Le CHS de la Direction des affaires culturelles de la Ville de
Paris, réuni le mercredi 18 octobre 2007 a voté le
principe d’un moratoire sur le WiFi dans les bibliothèques
parisiennes, proposé par la Syndicat SUPAP-FSU et soutenu
par les associations Priartém et Agir pour l’Environnement,
sollicitées à titre d’experts. Les syndicats
et associations, après avoir constaté les effets
sanitaires du Wifi et la possibilité de recourir à des
solutions alternatives par câbles, ont soumis au vote une
motion réclamant un moratoire sur le développement
du Wifi dans les bibliothèques et musées.

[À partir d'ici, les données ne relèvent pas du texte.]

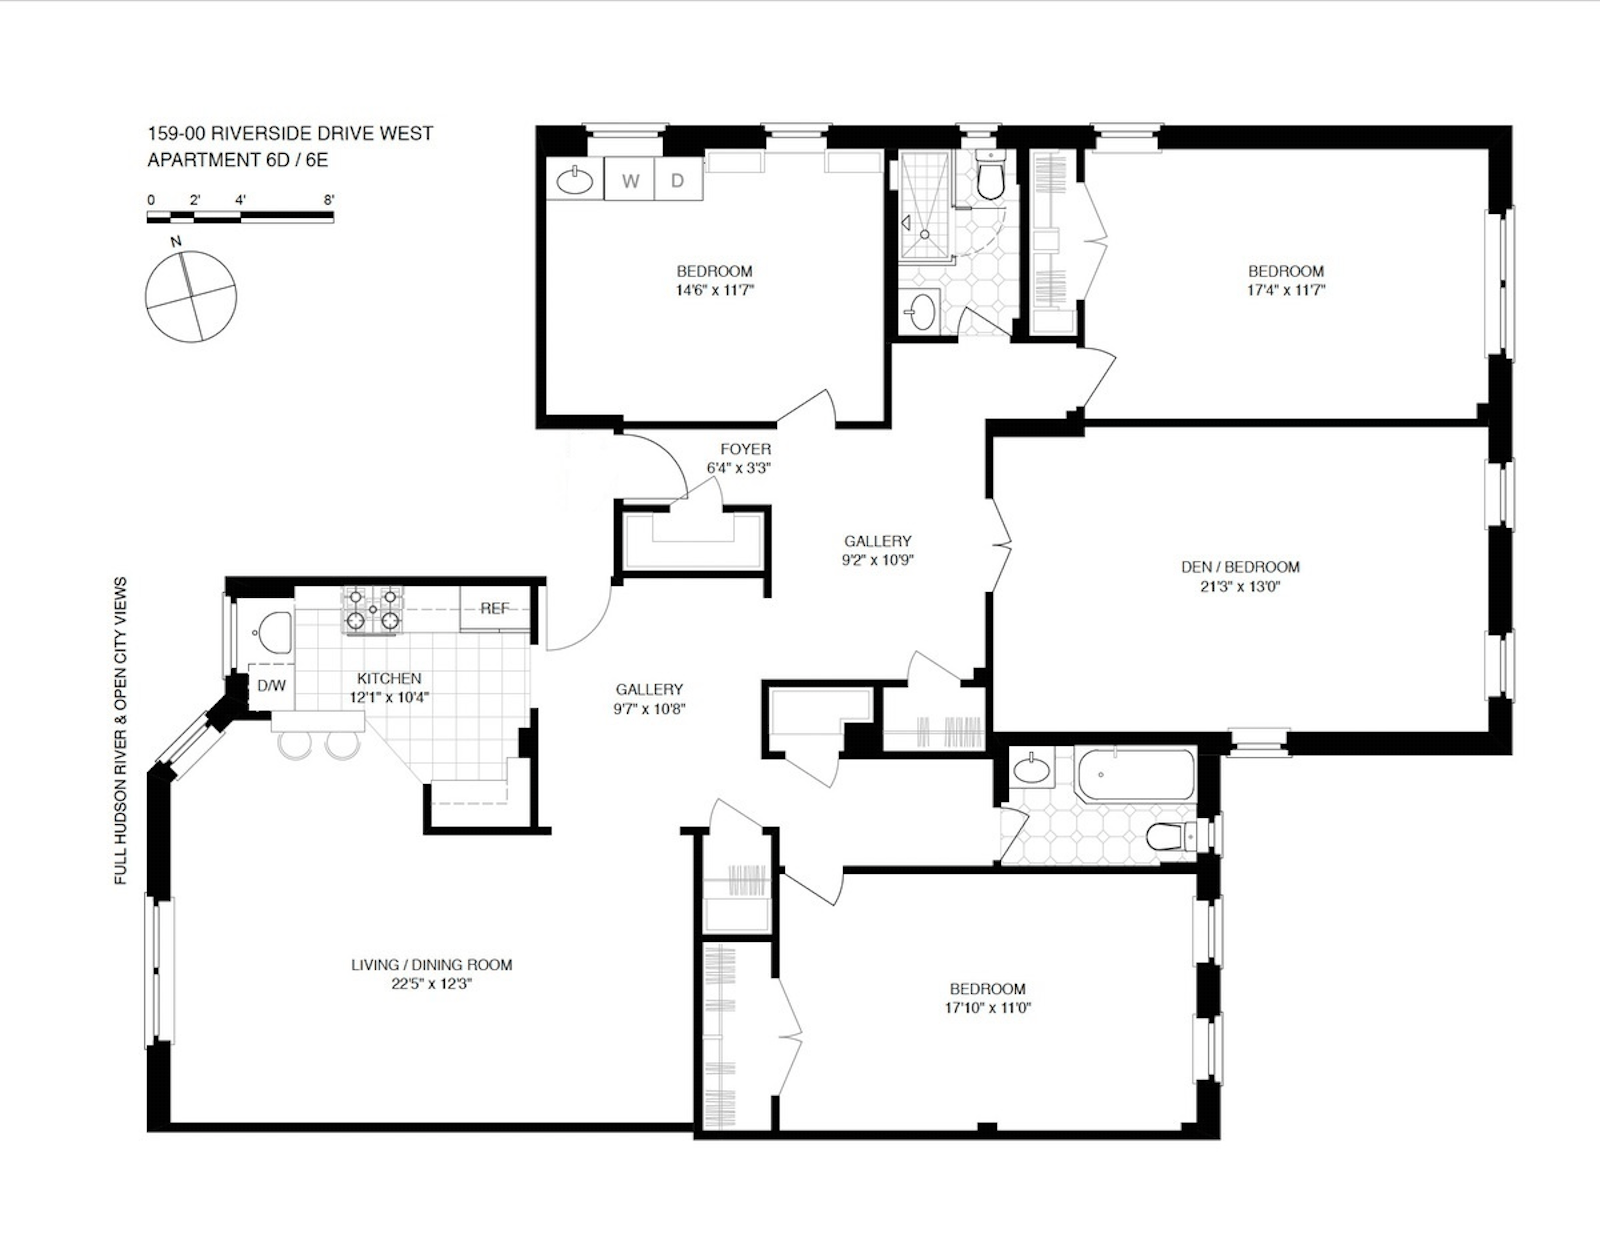 Floorplan for 159 -00 Riverside Dr W, 6D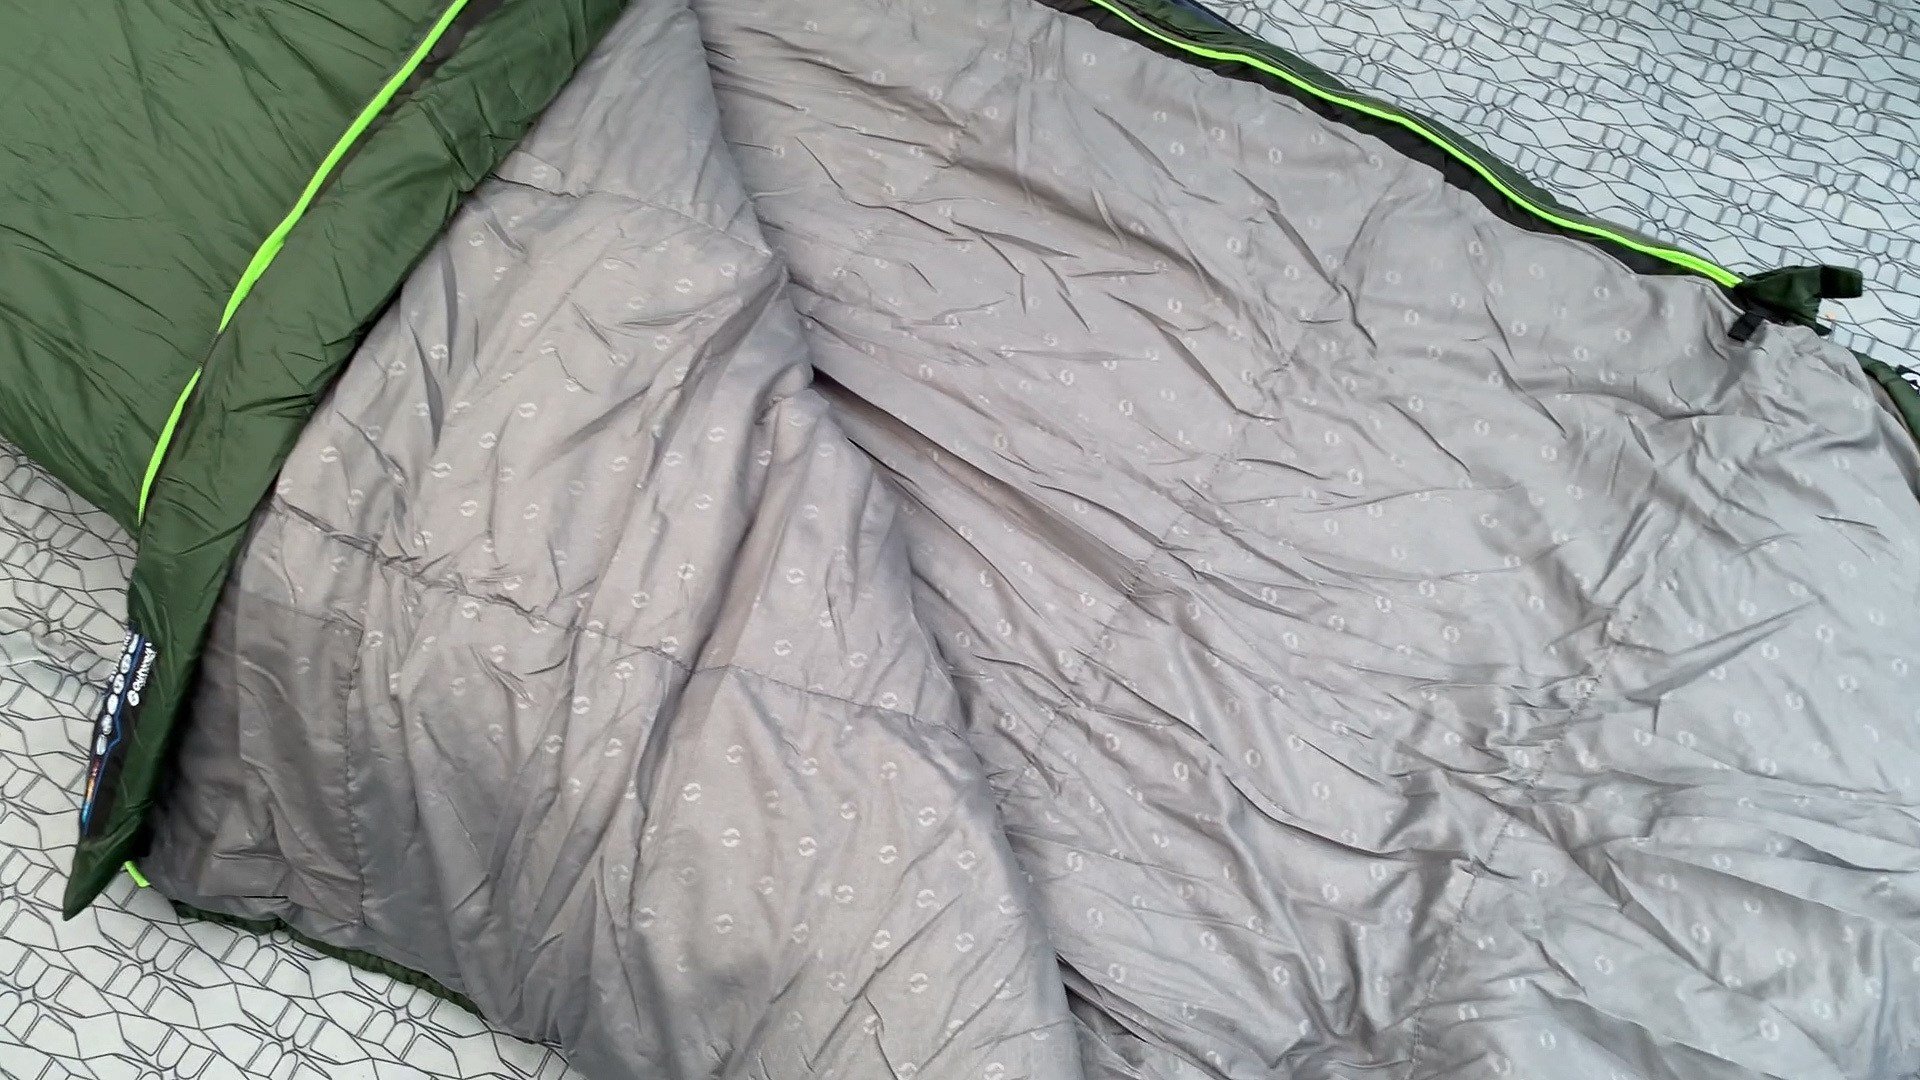 Inside the sleeping bag

Les associations Priartem et Agir pour l’environnement,
s’appuyant, notamment sur une étude américaine
récente (Lee and al.) qui montre les effets génotoxiques
des ondes de 2450 MHz (fréquence du WiFi) et sur le
rapport d’expertise BioInitiative produit par 14 scientifiques
internationaux qui conclut à la nécessité de
revoir les normes réglementaires concernant l’exposition
aux champs électromagnétiques, ont mis en avant
la nécessité de prendre des mesures de protection
des personnels. Elles ont rappelé qu’il fallait
absolument privilégier les connexions filaires.
Plusieurs personnes de bibliothèques récemment
connectées (10è, 11è, 13è, 14è,
16è et 18è) sont venues témoigner des
troubles qu’elles ressentaient : maux de têtes,
vertiges, malaises, douleurs musculaires... certaines ayant
même dû exercer leur droit de retrait, tant la
situation était, pour elles, devenue insupportable.
Le principe du moratoire a été accepté par
un vote positif de l’ensemble des organisations syndicales à l’exception
de la CFDT qui s’est abstenue. Monsieur Girard, adjoint
au Maire en charge de la Culture, s’est également
abstenu de même que l’ensemble des représentants
de l’administration, permettant ainsi à la motion
présentée d’être adoptée.
Les syndicats et associations se félicitent de ce vote
qui vient mettre un coup de frein au développement anarchique
du Wifi dans les bâtiments publics.
Ce vote, qui est une première, doit maintenant être
suivi d’une décision politique de mise en œuvre
de ce moratoire. Le syndicat Supap-FSU et les associations
invitent l’ensemble des élus d’arrondissement à soumettre, à l’occasion
de Conseils municipaux, des vœux réclamant également
un moratoire du Wifi dans les bâtiments publics.